Pydantic-Forward Operations

While you can always work with dictionaries, the real power of pymedplum comes from using the Pydantic models throughout your workflow. This provides better type safety, autocompletion, and a more object-oriented feel.

Creating Resources from Models

Instead of passing a dictionary to create(), you can instantiate a model and pass it to create_resource().

from pymedplum.fhir import Patient

# Create a Patient model instance
new_patient = Patient(
    name=[{"family": "ModelCreate", "given": ["Pydantic"]}],
    gender="female",
    birth_date="1995-10-16"
)

# Pass the model directly to the client
created_patient = client.create_resource(new_patient)

# The returned object is also a Pydantic model
print(f"Created patient {created_patient.id} for {created_patient.name[0].given[0]}")
assert isinstance(created_patient, Patient)

Reading and Updating Models

When you read a resource, you get a Pydantic model back. You can modify its attributes and then pass it to update_resource.

# Read a patient and get a model instance
patient_to_update = client.read_resource("Patient", "some-patient-id")

# Modify attributes directly
patient_to_update.gender = "male"
patient_to_update.active = True

# Pass the updated model back to the client
updated_patient = client.update_resource(patient_to_update)

print(f"Patient is now active: {updated_patient.active}")

The client provides helper methods for searching that yield Pydantic models directly, saving you from parsing the Bundle manually.

search_one()

If you expect only one result from a search, search_one() is ideal. It returns the single resource model or None.

# Find a unique patient
unique_patient = client.search_one("Patient", {"identifier": "urn:oid:1.2.3.4|12345"})

if unique_patient:
    print(f"Found patient: {unique_patient.name[0].family}")
    assert isinstance(unique_patient, Patient)

search_resource_pages()

To iterate through all resources from a search query without worrying about pagination, use search_resource_pages().

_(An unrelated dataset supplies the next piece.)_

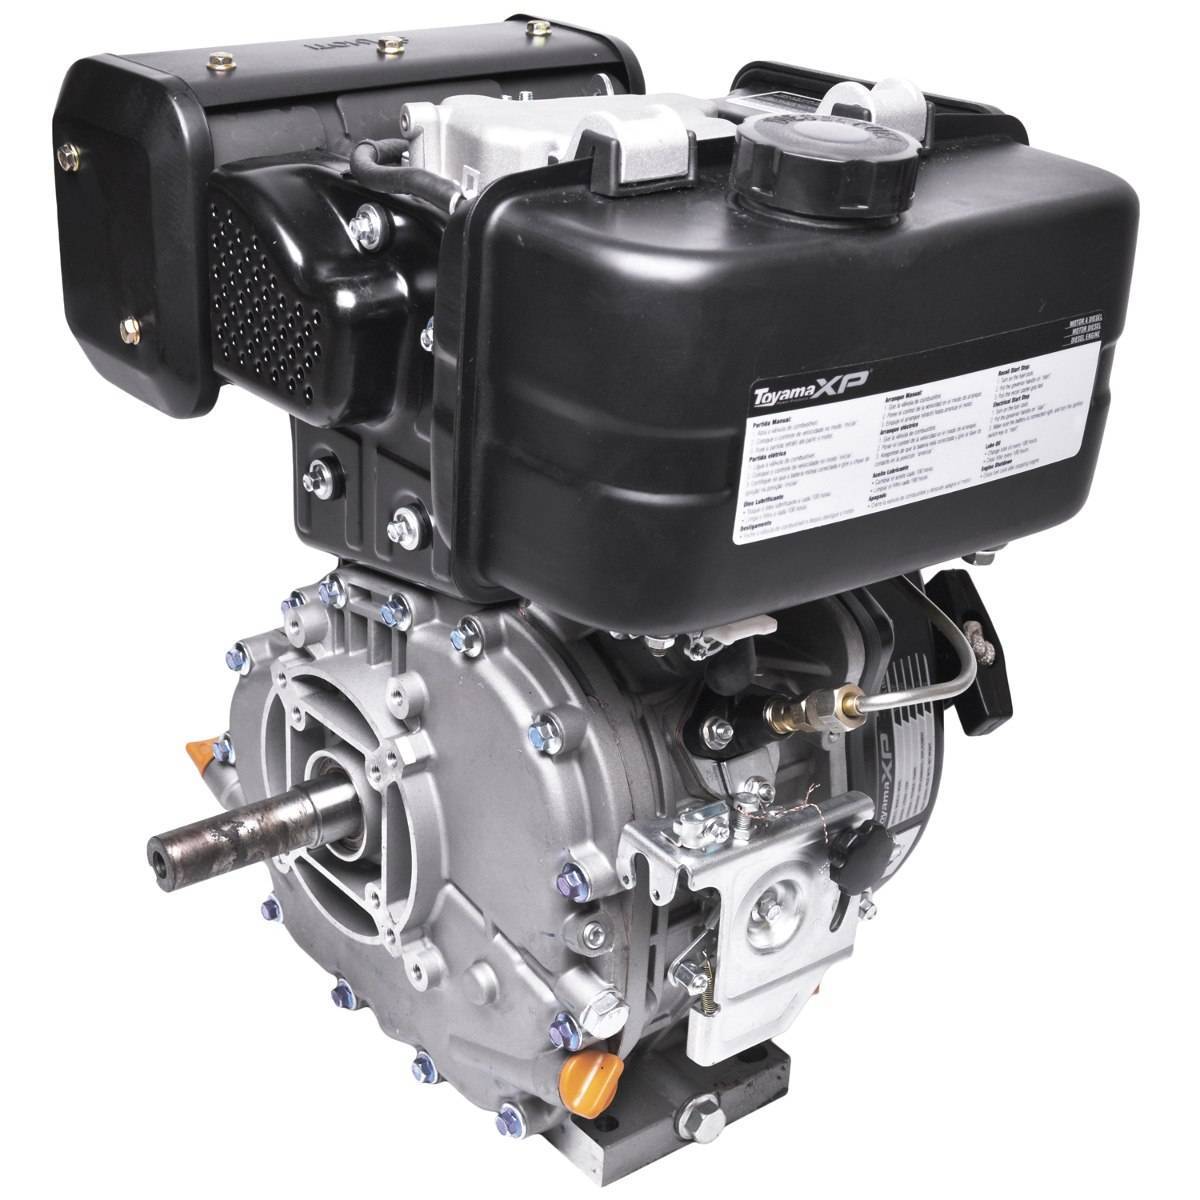 Motor TOYAMA 8 HP diesel c/ partida elétrica eixo 1

# Find all patients with a specific name
for patient in client.search_resource_pages("Patient", {"family": "Smith"}):
    # Each item is a fully-validated Patient model
    print(f"Processing patient {patient.id}...")
    assert isinstance(patient, Patient)

For Developers: Model Generation

The entire pymedplum.fhir module is auto-generated from Medplum’s official TypeScript definitions to ensure accuracy and maintainability. The generation logic resides in the /scripts directory.

Generated Architecture

When you run the generator, it creates a sophisticated, multi-file architecture to achieve the goals of performance and type safety:

  1. pymedplum/fhir/{resource}.py (e.g., patient.py)

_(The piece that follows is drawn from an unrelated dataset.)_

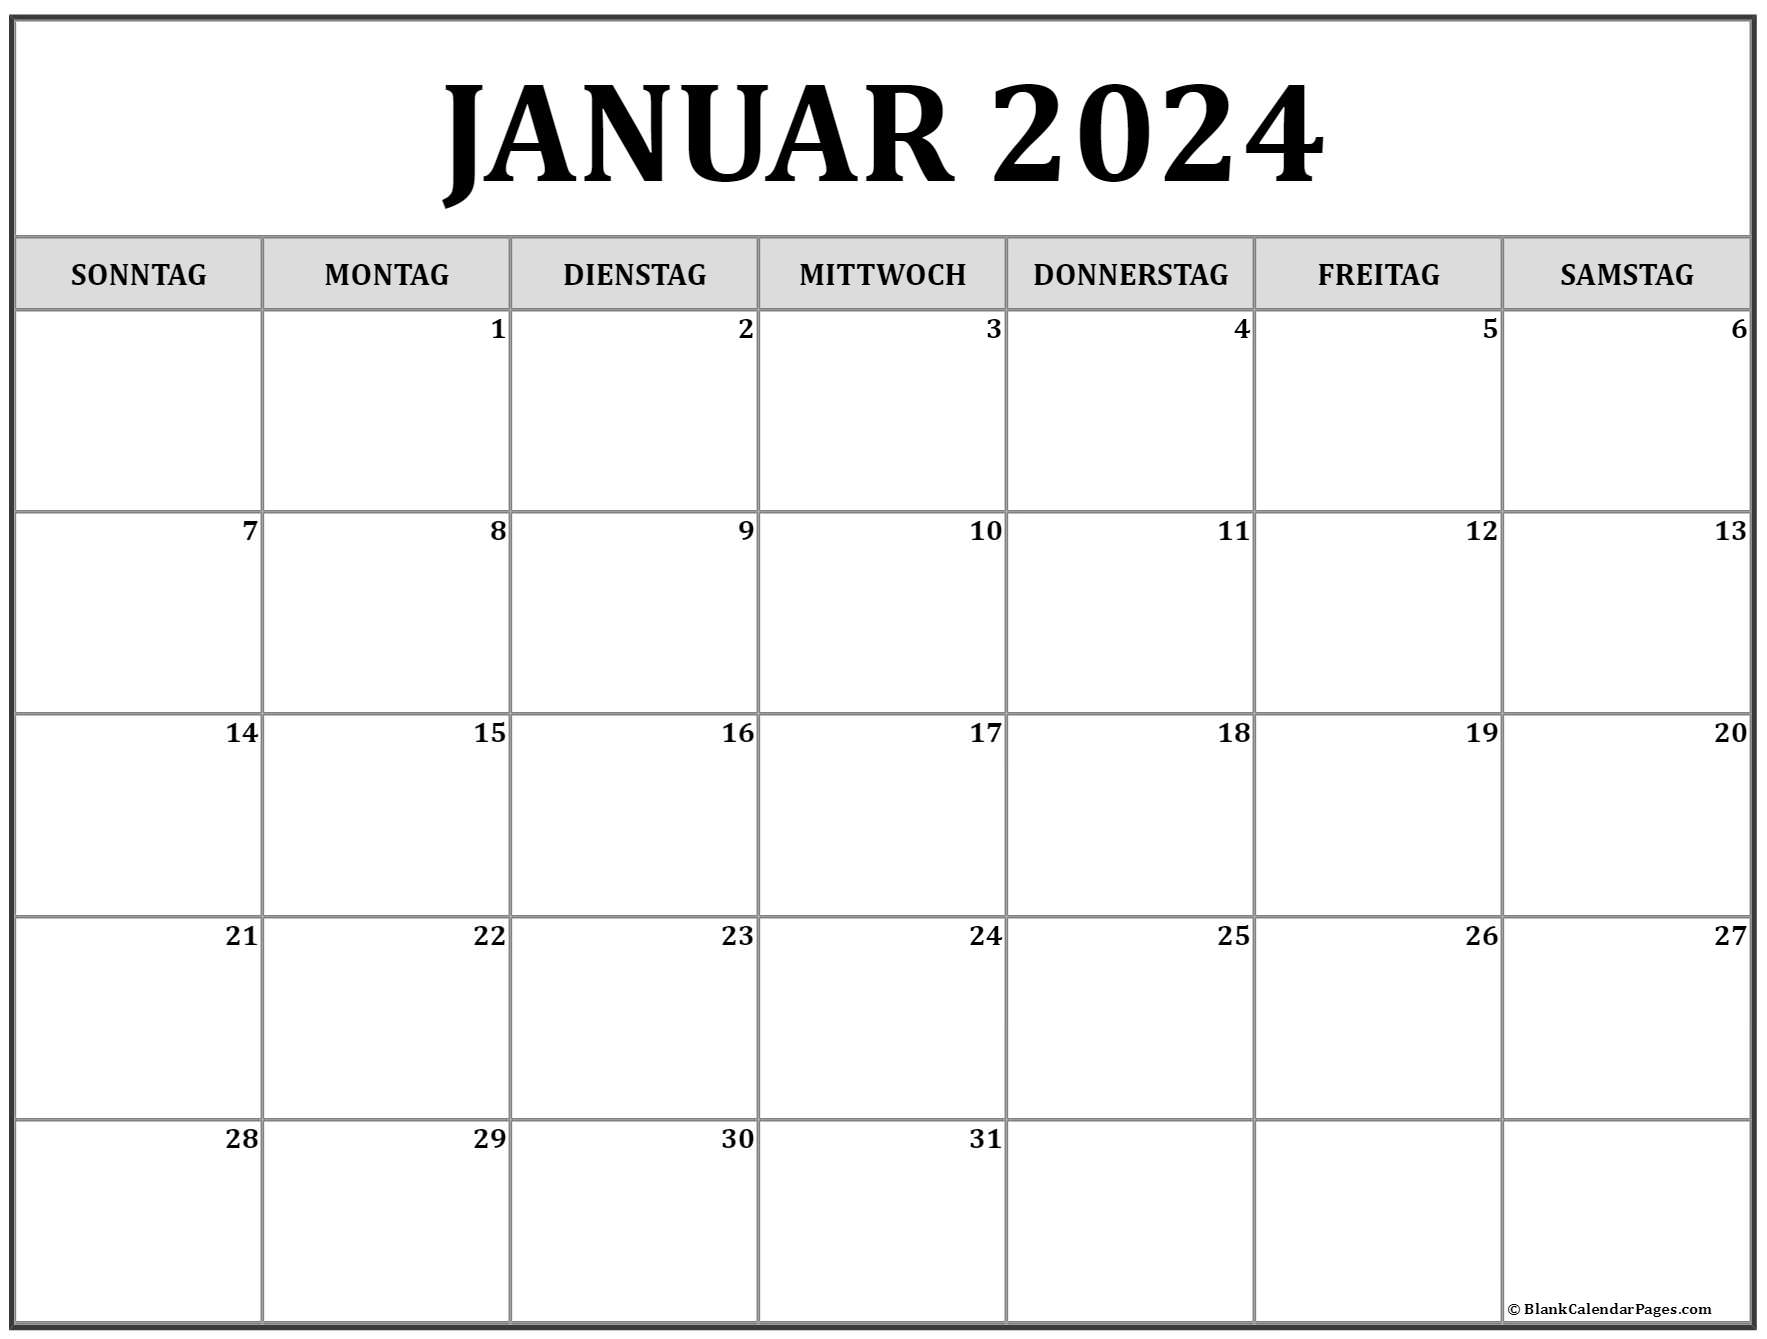  Januar  2022  kalender  kalender  2022

    • Contains the Pydantic model definition for a single FHIR resource.
    • Uses if TYPE_CHECKING: blocks to import dependencies for static analysis without runtime cost.

  2. pymedplum/fhir/__init__.py

    • The public-facing module for importing FHIR models.
    • Implements the lazy-loading mechanism using __getattr__. When you from pymedplum.fhir import Patient, this file intercepts the request and only loads patient.py on first access.
    • Contains helper functions for dependency resolution.

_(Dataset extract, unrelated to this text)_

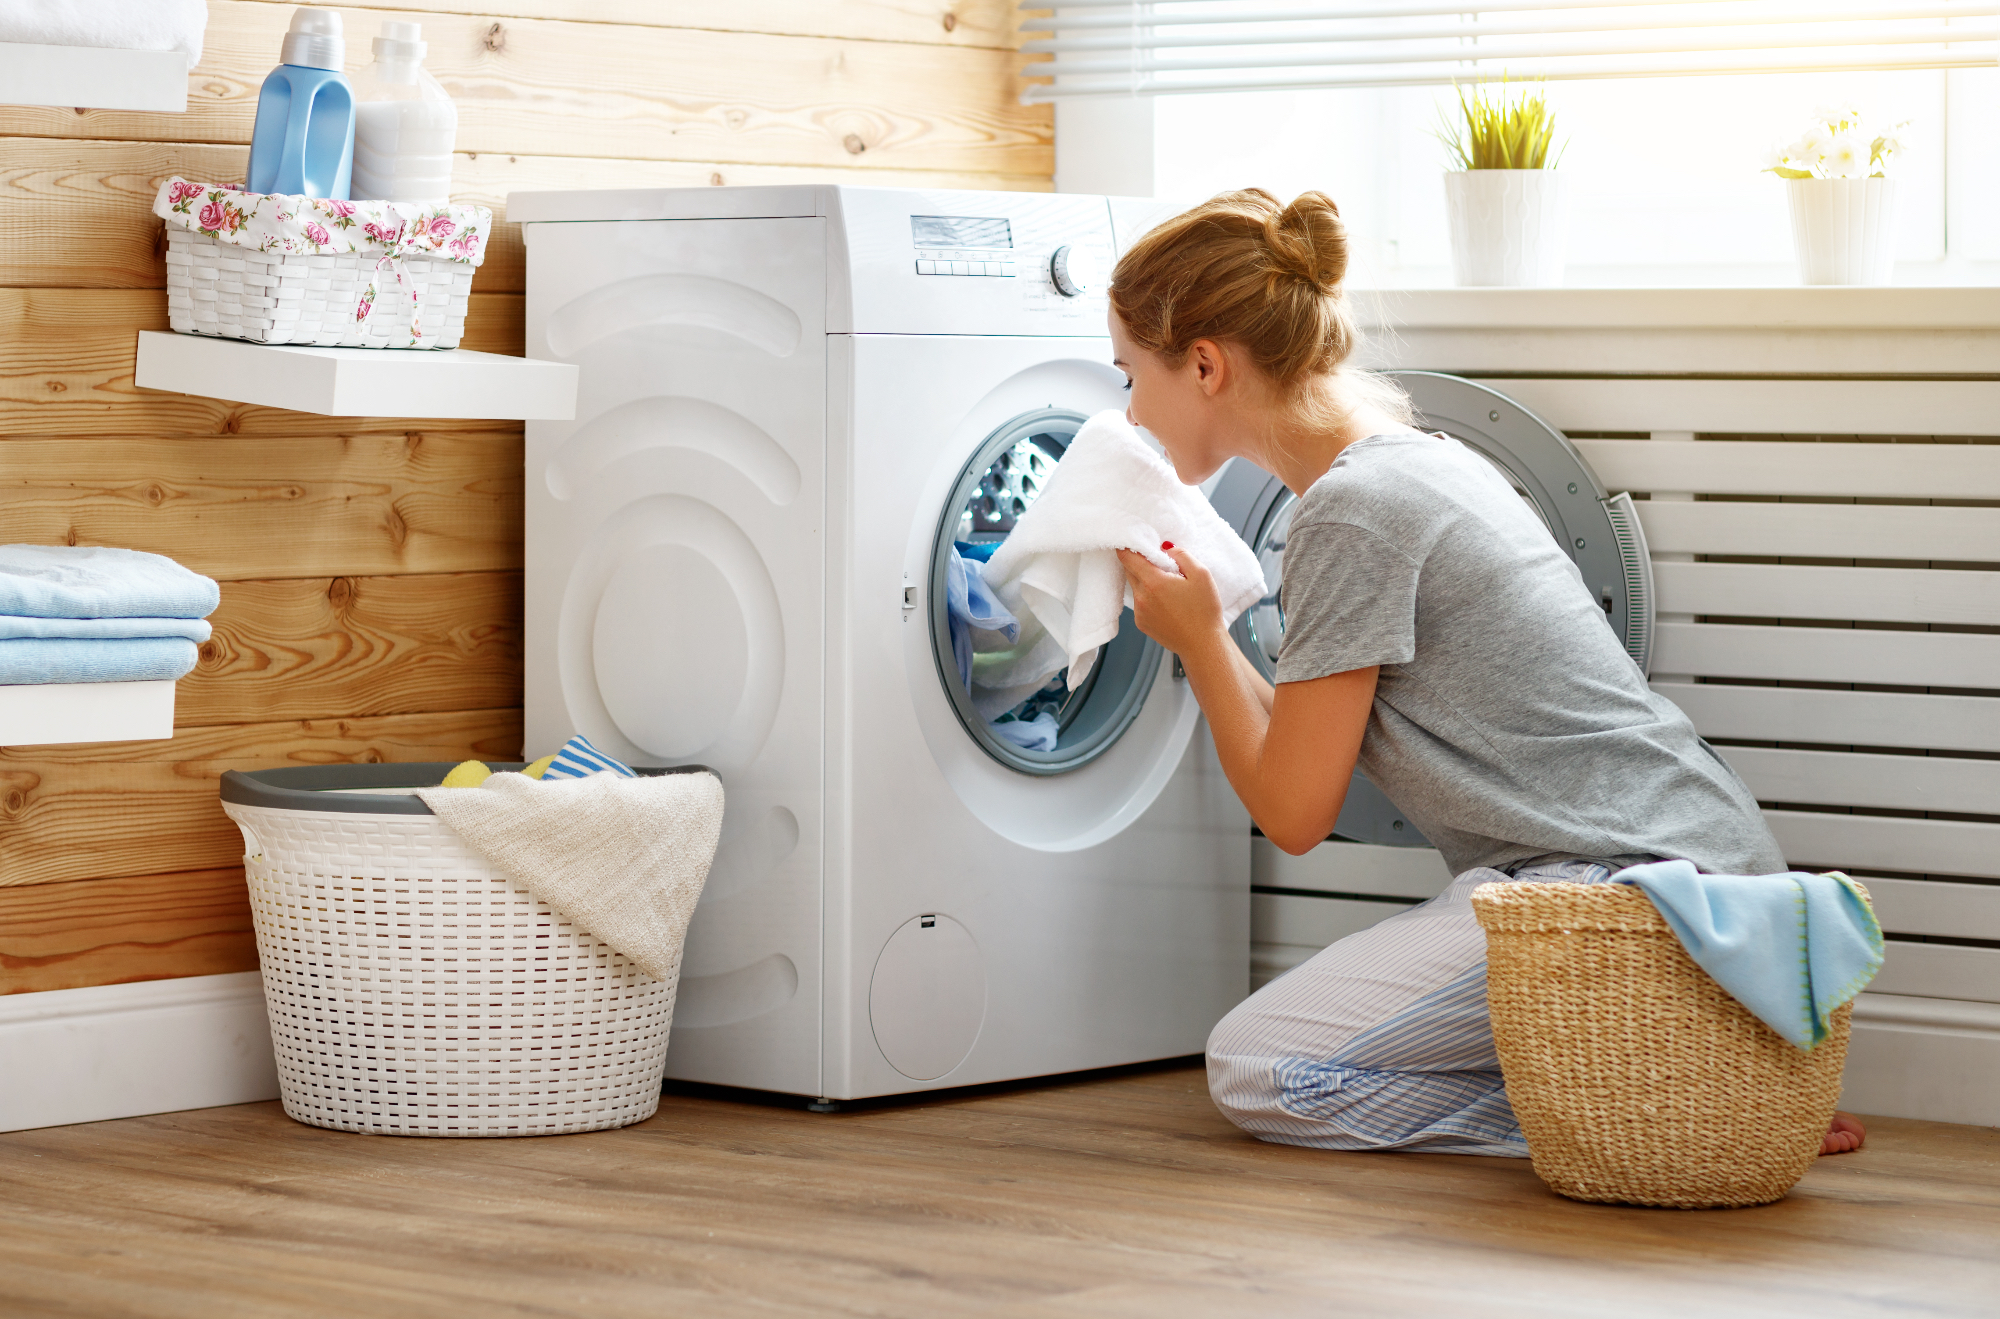 Pralni stroji so v vsakem gospodinjstvu res zelo pomembni

  3. pymedplum/fhir/__init__.pyi (Stub File)

    • A type stub file that provides an “eager” view of the module for static analysis tools.
    • It explicitly imports every single FHIR model so that tools like mypy can see the complete module structure.
    • This file is never executed at runtime.

  4. pymedplum/py.typed

    • A marker file that signals to type checkers that pymedplum is a PEP 561-compliant typed package.

Regenerating Models

If the upstream Medplum FHIR definitions change, regenerate all Pydantic models with a single command from the project root:

make generate              # Update to latest @medplum/fhirtypes and regenerate
make generate-no-update    # Regenerate without updating the npm dependency

This runs the full pipeline: npm update, TypeScript codegen, ruff formatting, and a validation smoke test. It also automatically removes stale .py files if an upstream type was deleted.

Requirements: node, npm, python3, and uvx must be on your PATH. The script checks for all of these at startup.

The generated __init__.py records which @medplum/fhirtypes version produced it, so you can always tell what’s deployed.

For more details on the generator architecture, see scripts/README.md.